5 Challenges with Open Banking API Deployments
David O’Neill is the CEO of APImetrics. APImetrics is a monitoring company, and we monitor APIs for various companies. This article by David discusses how APImetrics has helped look for potential challenges with API deployments.
We at APImetrics, sample data, normalize, and analyze the data to look for potential problems.
We score the policy of APIs. We have invented our own scoring system, and we call it C cask. It gives us a way of categorizing APIs against each other.
Office 365, Microsoft Teams, Google workspaces, DocuSign, and Box, is a bucket of about 20 different APIs, and their average score is about 8. and that’s incredibly consistent. The design of the score is for consistency. We don’t expect it to move around much. We’re not grading on a curve. We are just measuring the overall quality.
We will talk about some of the lessons we’ve learned from working with regulated APIs and some of our other challenges.
Lesson 1: Quicksand
Sandboxes turned into the bane of our lives. It was a regulatory requirement of British Open banking that each bank provided a sandbox. They were forced to provide the sandboxes, two years before they had their open banking system set up. Consequently, the sandboxes did not work, they did not represent anything related to the open banking architectures they went with. They didn’t use the same security. They sometimes didn’t even use the same types of APIs. And they didn’t use the same syntaxes. So many organizations found that they could be up on the Sandbox and think, great, I got the Sandbox working, try and roll out their open banking, implementation, and none of it would work. They had to go back to the basics. But sandboxes are inherently useful. You should pay more attention to how well they work, and they should be part of all the other DevOps people do.
They are important to the ecosystem’s health and shouldn’t be just there as an afterthought that you bought from a company that has nothing to do with your architecture. Use a stubbed-off version of your production environment; don’t build something completely separate.
Lesson 2: Document what you do, not what you think you do
For some documentation, we could download the spec and read the docs; it was just standard. For some, we had to ask queries, which took a bit more time to understand as the documentation had a few problems. But, in some cases, they were not responsive to support queries. They themselves did not seem to know what was wrong with their API stacks. One of the problems here can be the tooling involved. Test what you do in a production environment with somebody who doesn’t know it inside out, and you will learn some horrible things.
Lesson 3: Nothing beats end-to-end testing
People tend to test with tools that work inside their stack. The experience of using APIs is now an end-to-end distributed experience. The third parties you work with do not live in your data centers or your stack; they live in the cloud. The clouds don’t all work the same. They don’t work with your architectures the same. If you are on a private cloud yourself, your rules may work great with some data centers but not particularly well with others. We’ve seen differences between calls made from Google and Amazon, as much as two seconds per transaction. We’ve seen differences of over a second between different Amazon data centers in the same geographical region because they’re working with different standards. It is something to be aware of when setting things up. Nothing beats measuring from where your partners are.
Lesson 4: Everybody and everything lies, especially HTTP codes
Everybody lies. DevOps teams lie to each other to make things better for themselves. They like to say management tools lie to you to make you feel better about yourself. They lie about HTTP codes. Everything needs to be looked at in far more depth than it is. And one of the lessons we’ve learned is you can’t just rely on a 400 code being someone else’s problem.

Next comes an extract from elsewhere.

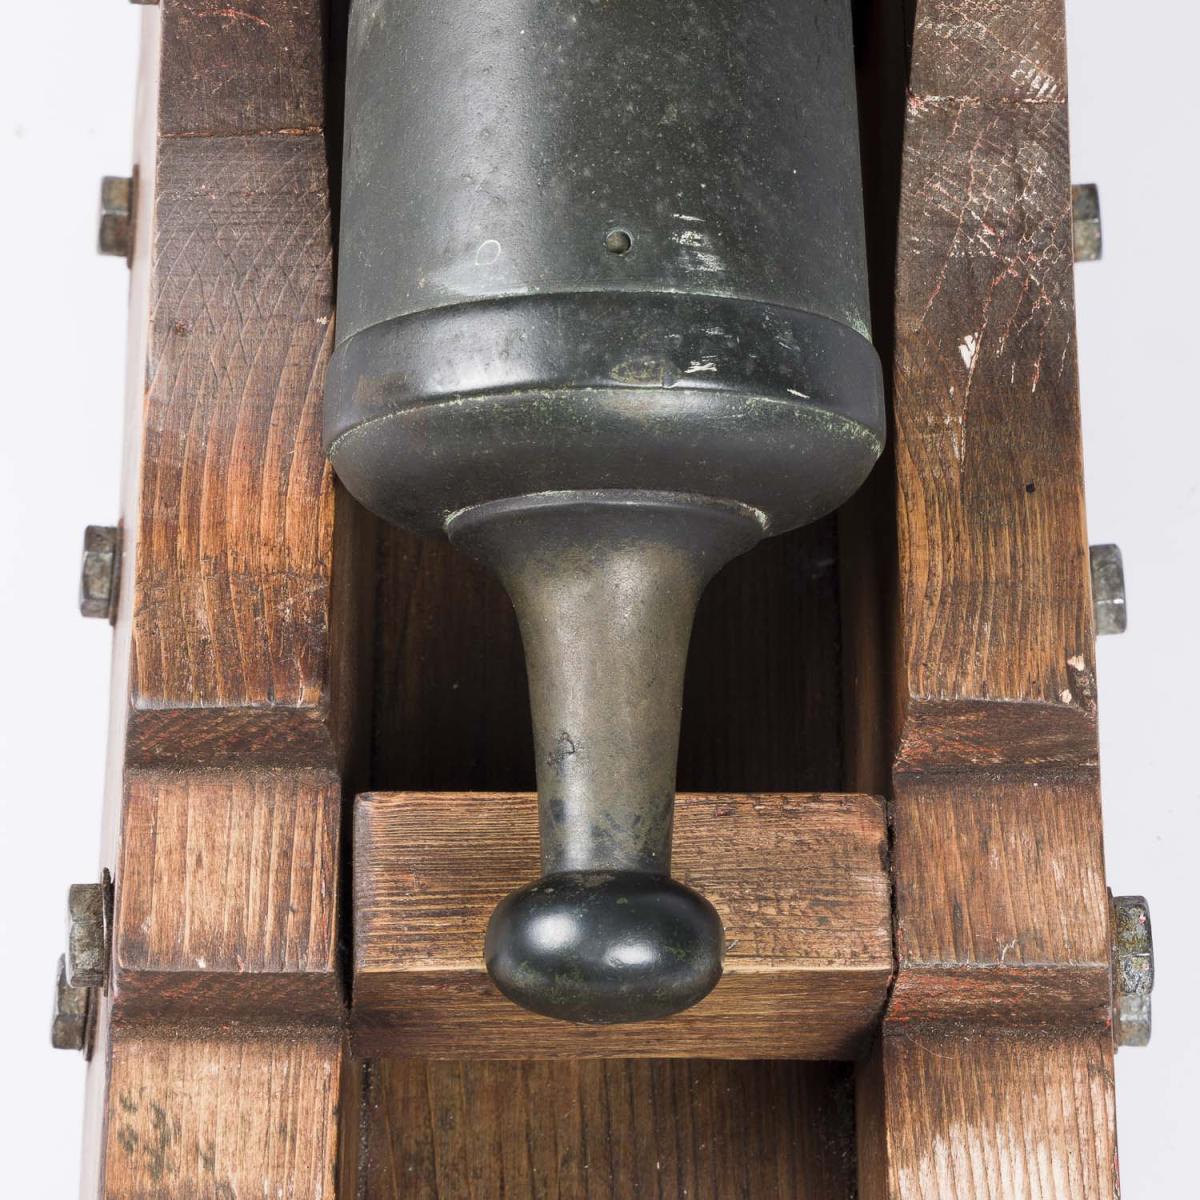 Early 19th century bronze Danish muzzle loaded cannon

An anecdote from our experience with a customer; their consent server broke. They had a massive outage. It didn’t last very long there. But because of the way the consent server broke, they lost the consents for the API for the production accounts. Because that manifests itself as a 400 error. That was not escalated through their internal triage processes because that’s 400. Because everybody was pushing it around to different groups without realizing we couldn’t monitor our systems. If you just rely on gateway logs and look at what the codes are telling you, you’ll often get a false sense of security around what’s going on with your stack. And these problems rarely go away. They tend to build and escalate over time until the root cause manifests itself, and you’ll have something much more serious to fix.
Lesson 5: Monitoring
Let us consider an API in production. It wasn’t very fast to start with, about one second per transaction. That’s about 12 seconds per transaction. Over the course of three months, it got slower and slower. There was a lack of monitoring.
Other variations we’ve had on this are you set your threshold for alerting very high. Your API is usually very fast. Your API can be functionally down for several hours a day, and it will never trigger an alarm. Because you’ve set the threshold at two seconds, the API normally responds in 200 milliseconds. So it takes a lot of latency and timeouts before you get told.
To conclude, large companies have more financial bandwidth to address these issues. Neobanks are more adaptable. Traditional banks with a legacy find it the most challenging to adapt to Open Banking.